Nov 6, 2023

Synchronizing Data with Apache Superset: Our Internal Solution

It is well known that, at Automattic, we love free and open source software. In fact, we have Automatticians actively contributing to a multitude of open source projects, with the main one being of course: WordPress. That’s why, as soon as we verified that the current versions of Apache Superset are robust enough to satisfy many of our data visualization needs, we proceeded to install an instance of the software and make it available to every member of our organization.

Installation involved implementing a multitude of configurations, such a sophisticated authentication protocol associated with the data on our intranet and, of course, the connection to our different data sources. As you may imagine, it was a most entertaining job for our efficient data engineers!

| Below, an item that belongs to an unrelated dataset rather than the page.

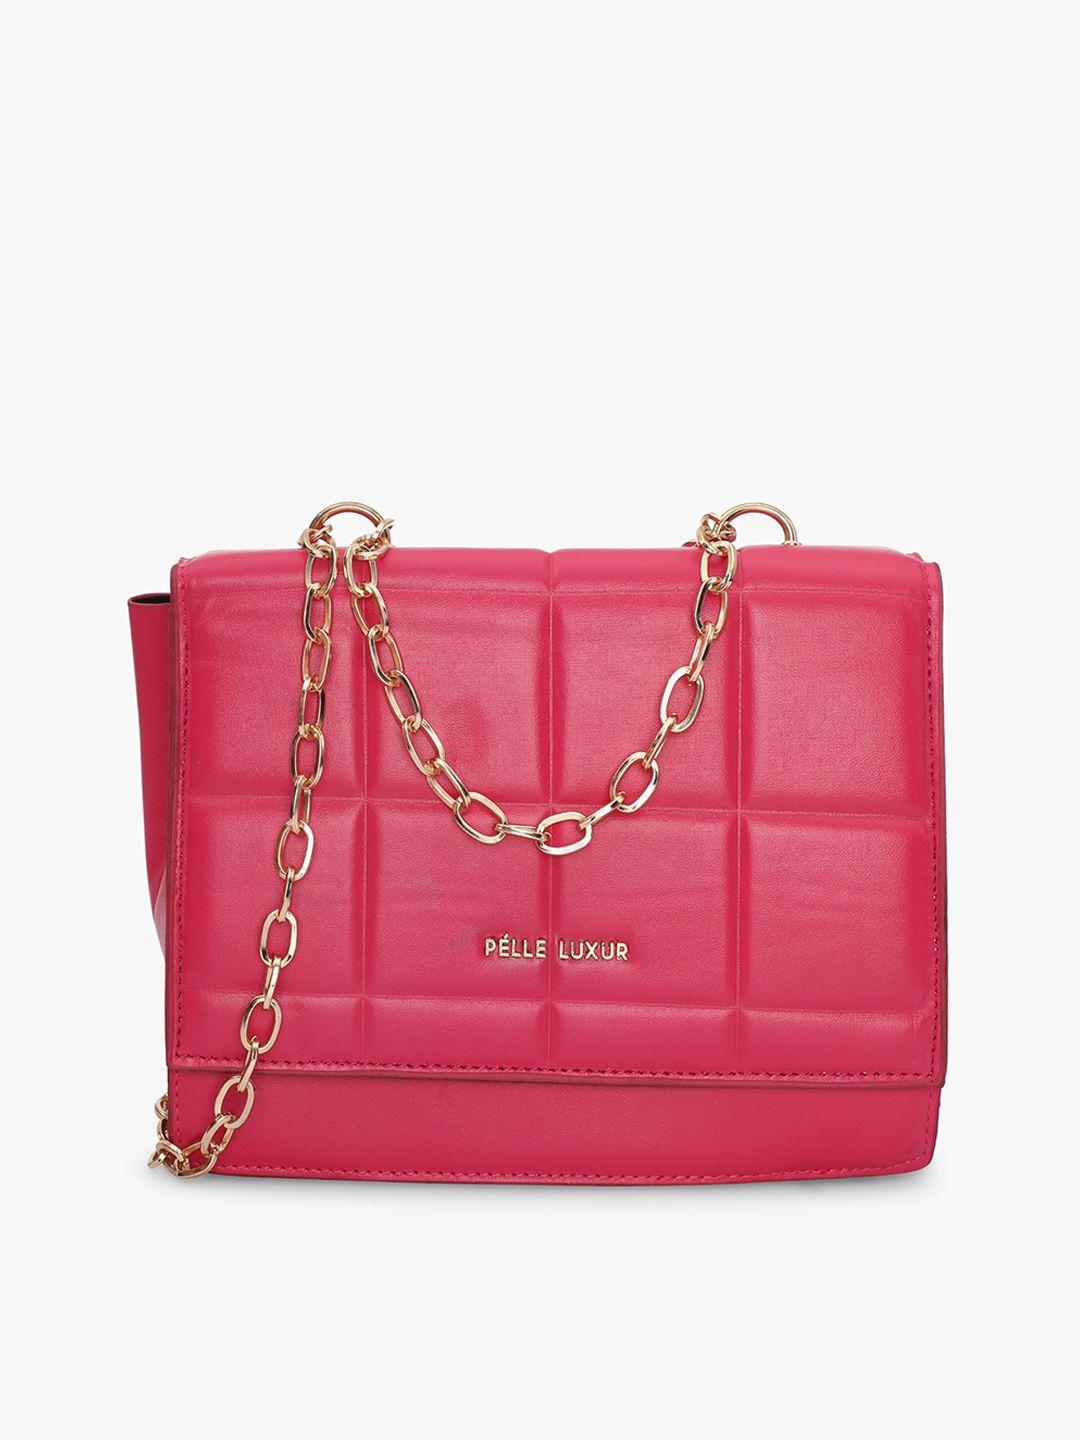 pelle luxur pink pu structured sling bag with quilted

Now we’d like to describe one of those integrations that we are particularly proud of: the automation of the creation and synchronization of Superset datasets. Jarek Cellary did the work, and we enjoy sharing his novel work that solves a friction point while improving our data discoverability.

Problem statement

Superset charts, and dashboards are always nourished by datasets. This means that it is not enough to simply connect Superset to a database: an extra step of creating a corresponding dataset is necessary for its tables (with or without extra data transformations) to be available.

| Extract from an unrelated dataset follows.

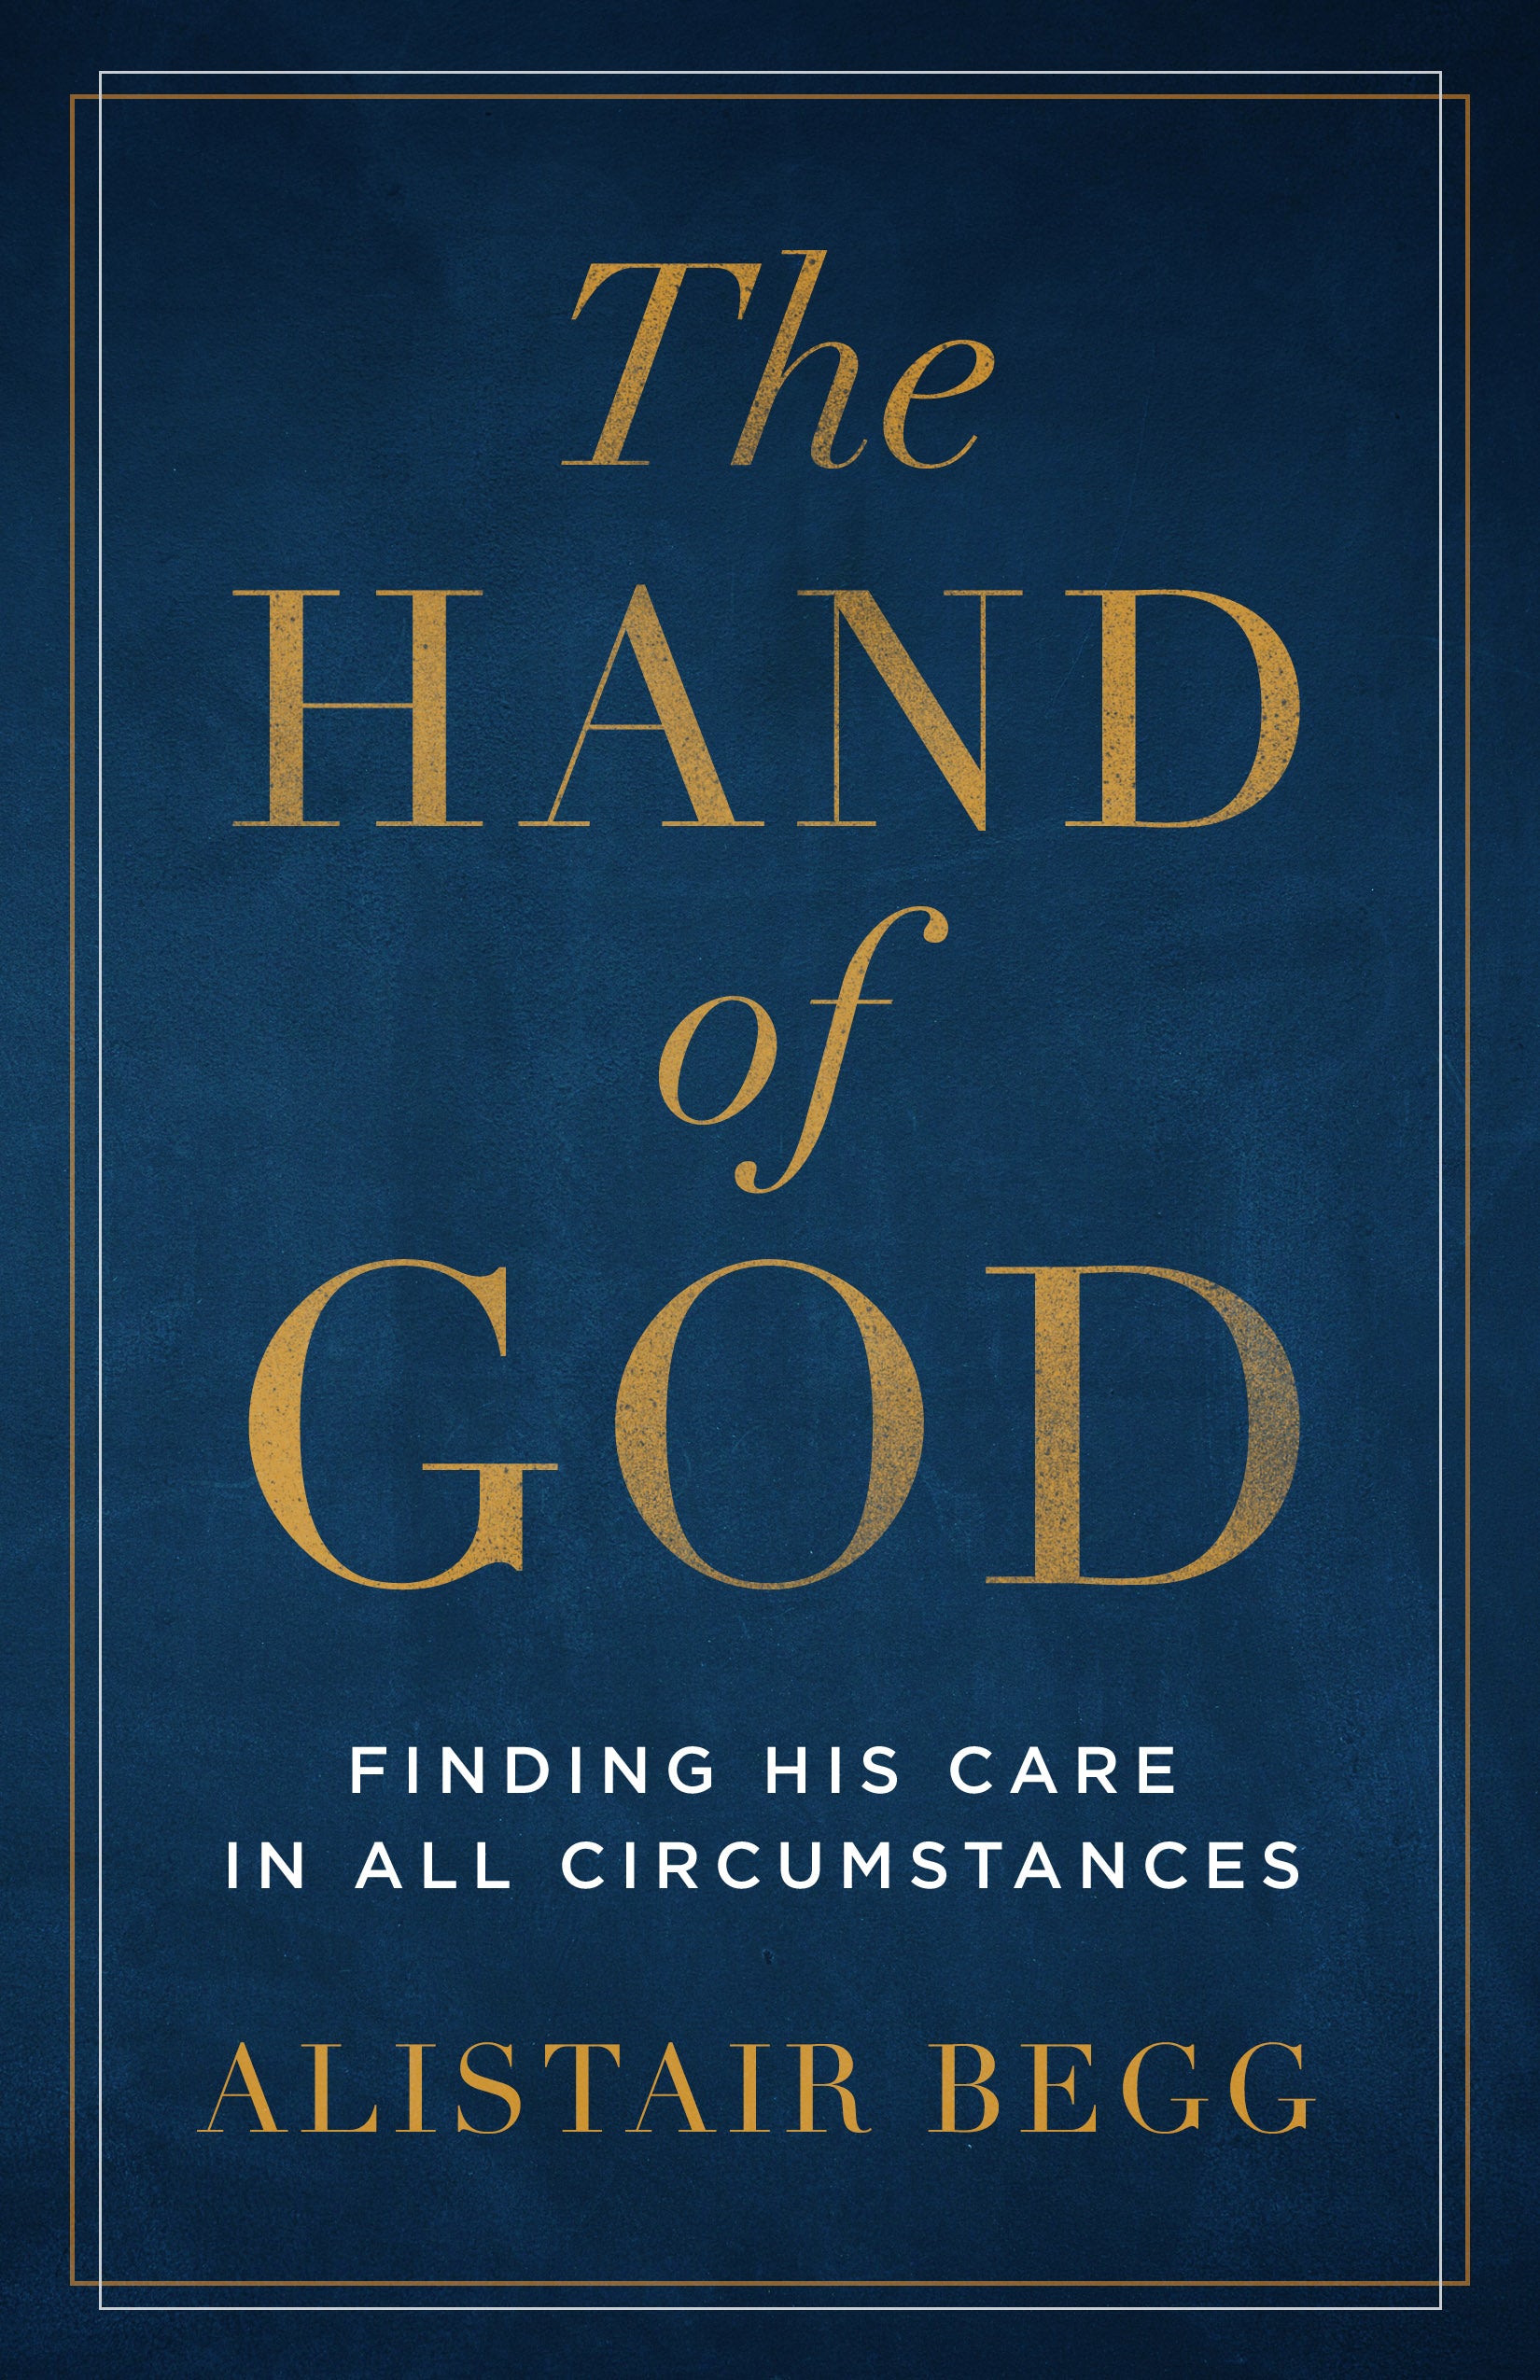 Image of The Hand of God other

*The Superset data flow pyramid: notice the semantic layer with datasets on top of the database (tables)*

This extra step probably means little for workers with plenty of knowledge of the world of data, but it is definitely an impediment that can discourage folks in other business units, who may be less familiar with the data realm. And, why not say it, it’s also wonderful to eliminate additional hurdles in our daily work! 🙂

In short, these are some of the handicaps that Superset’s native table‑dataset solution presents:

It always requires an extra manual step for the dataset creation.
Table updates are also a manual step folks need to be aware of, as changes are not synced.
Datasets generated by multiple users but from the same tables might be redundant or duplicates.
Other users’ datasets might present permissions issues.
As explained in a previous post about our Data Discovery Tool, we are also generating table and columns metadata annotations using the Apache Avro format. We’d like to keep those so Superset users have all the context handy.

The solution

Our goal was straightforward: to make all the tables hosted in our database available to our users as if they already had the category of datasets. In this way, the creation of visualizations would be fast, intuitive, and supported by the security of having updated schemas.

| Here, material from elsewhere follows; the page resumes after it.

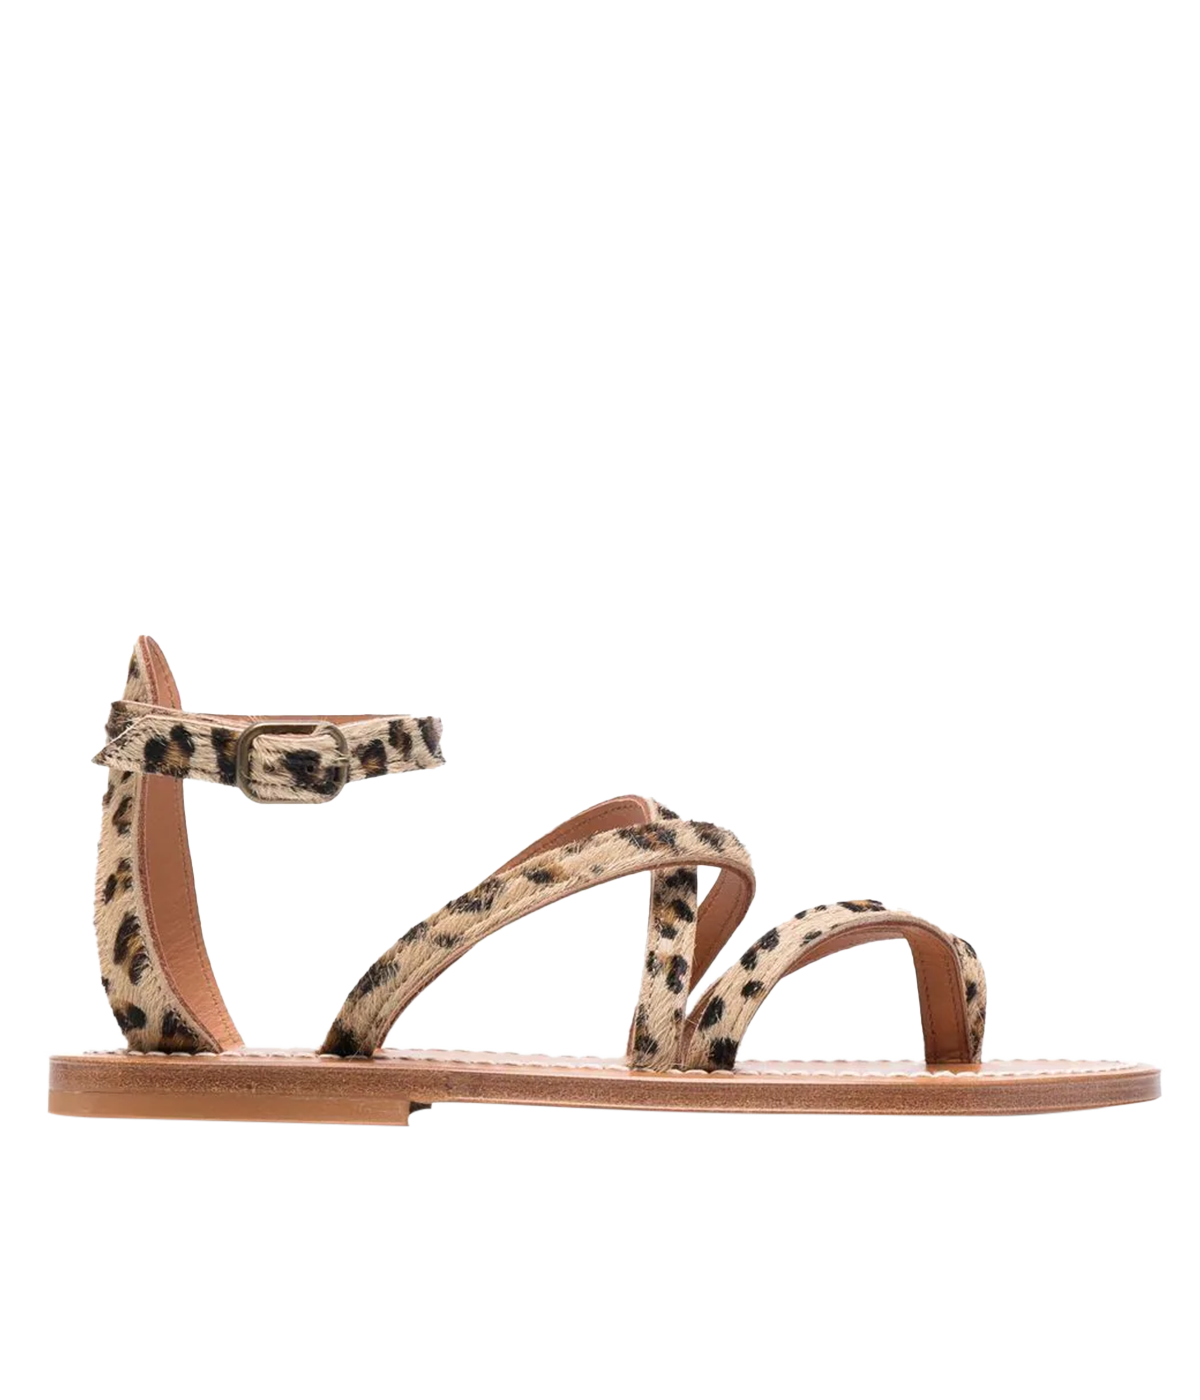 Epicure Sandals in Leopard

Accordingly, we set out to create a script that took into account the following requirements:

Browse the catalog: it is necessary that we constantly scan all the available tables to detect possible new features and changes.
Frequency: we believe that daily execution would be ideal.
Interaction with Superset, in such a way that the datasets can be rewritten in case of detection of changes in the tables.
Mirror our Apache Avro annotations, if possible

The development that we finally implemented was a Python script that executes queries on the database, such as SHOW SCHEMAS or SHOW TABLES FROM "{schema}", and later compares the response with the existing datasets in Superset. If any change is detected, then the script initiates a communication via API to create a new data set or modify an existing one. Fortunately, Superset supports datasets and column descriptions, so the annotations are covered too. We run this script daily on our Airflow instance.

*Example of one of our available synchronized table-dataset. Notice the table description, displayed when hoovering on the information icon*

Conclusion

Finding satisfaction in utilizing open source solutions is even greater when we can successfully modify and evolve the code further to meet our needs. In so doing, we enrich the software’s development, contributing our grain of sand to the community. For instance, here’s our Data Engineering team lead Igor Khrol proposing and implementing a fix.

We hope that this post inspires Superset installations in other organizations, along with potential solutions that address this problem in future releases.

Data Engineering